Blue Valentine  is a 2010 American romantic drama film written and directed by Derek Cianfrance. Cianfrance, Cami Delavigne, and Joey Curtis wrote the film, and the band Grizzly Bear scored it. Blue Valentine depicts a married couple, played by Michelle Williams and Ryan Gosling, shifting back and forth in time between their courtship and the dissolution of their marriage several years later.

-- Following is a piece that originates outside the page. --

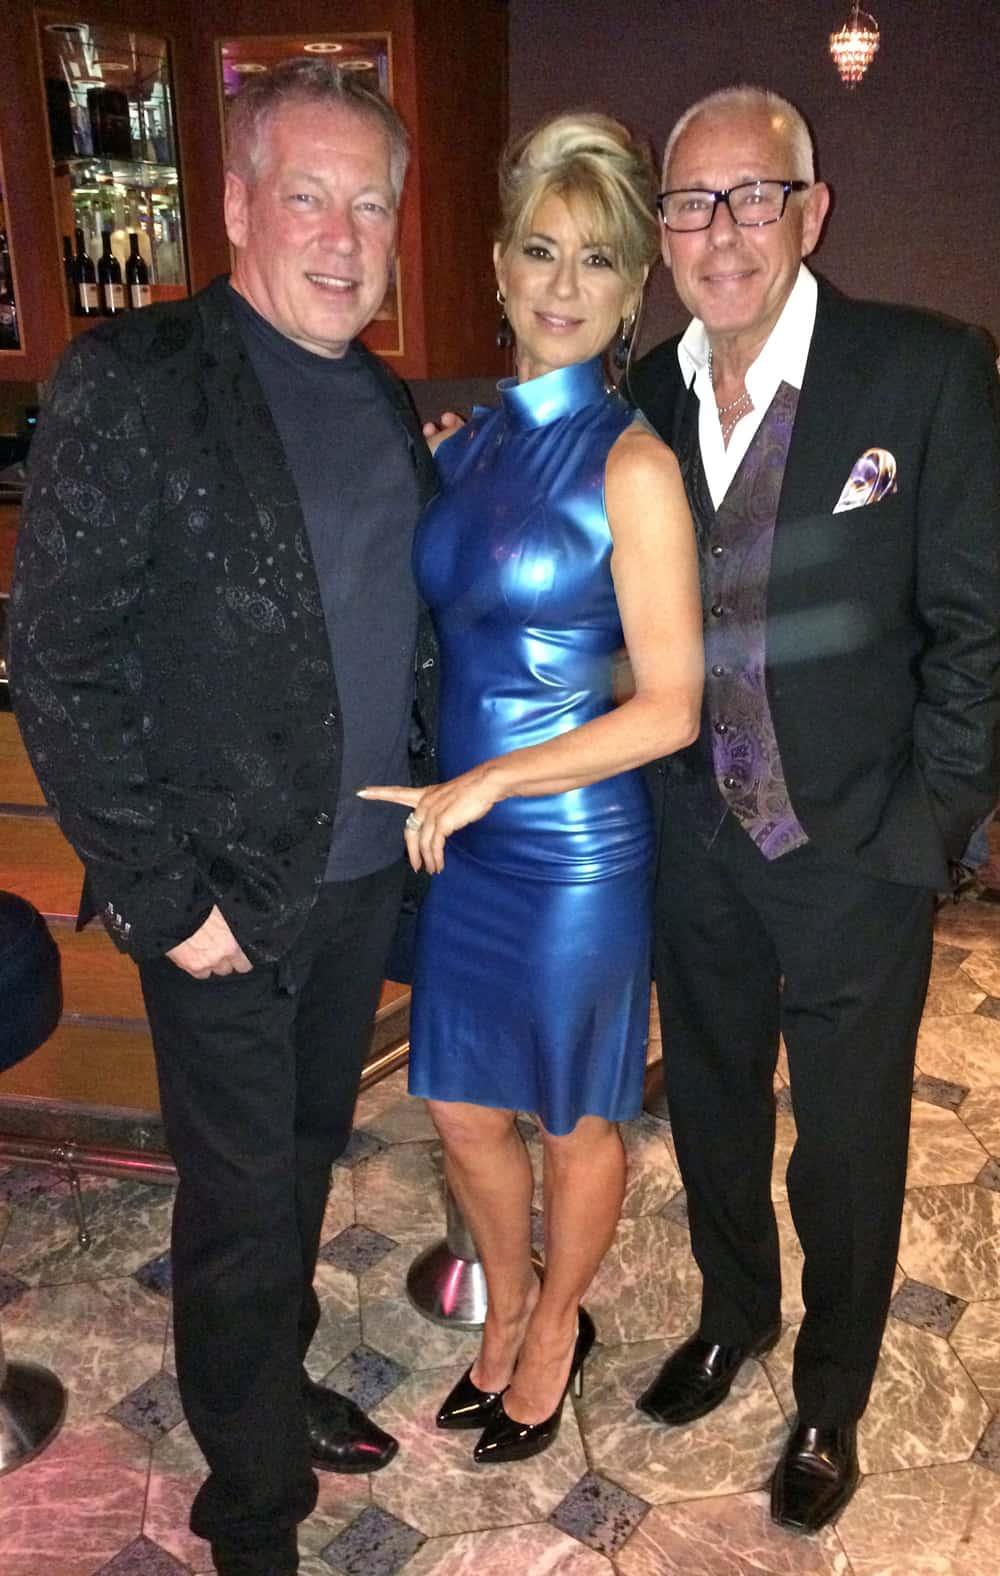 Sexxy A.D. Cook, Beti Kristof and Bob Golden, Las Vegas, NV

The film received critical acclaim and Williams was nominated for both the Academy Award for Best Actress and the Golden Globe Award for Best Actress in a Motion Picture – Drama, while Gosling received a nomination for the Golden Globe Award for Best Actor – Motion Picture Drama.

Plot

Dean is a hopeless-romantic high-school dropout, working for a moving company in Brooklyn. Cindy is an aspiring doctor studying pre-med while living with her bickering parents and caring for her grandmother in Pennsylvania. She is dating a fellow student named Bobby and one day, the two have intercourse where he ejaculates inside her without her consent. This causes an angered Cindy to break up with him. Sometime later, while Dean is delivering furniture to a nursing home in Pennsylvania, he runs into Cindy, who is visiting her grandmother. He gives her his number but she never calls; however, they coincidentally meet again on a bus and begin dating shortly afterwards. 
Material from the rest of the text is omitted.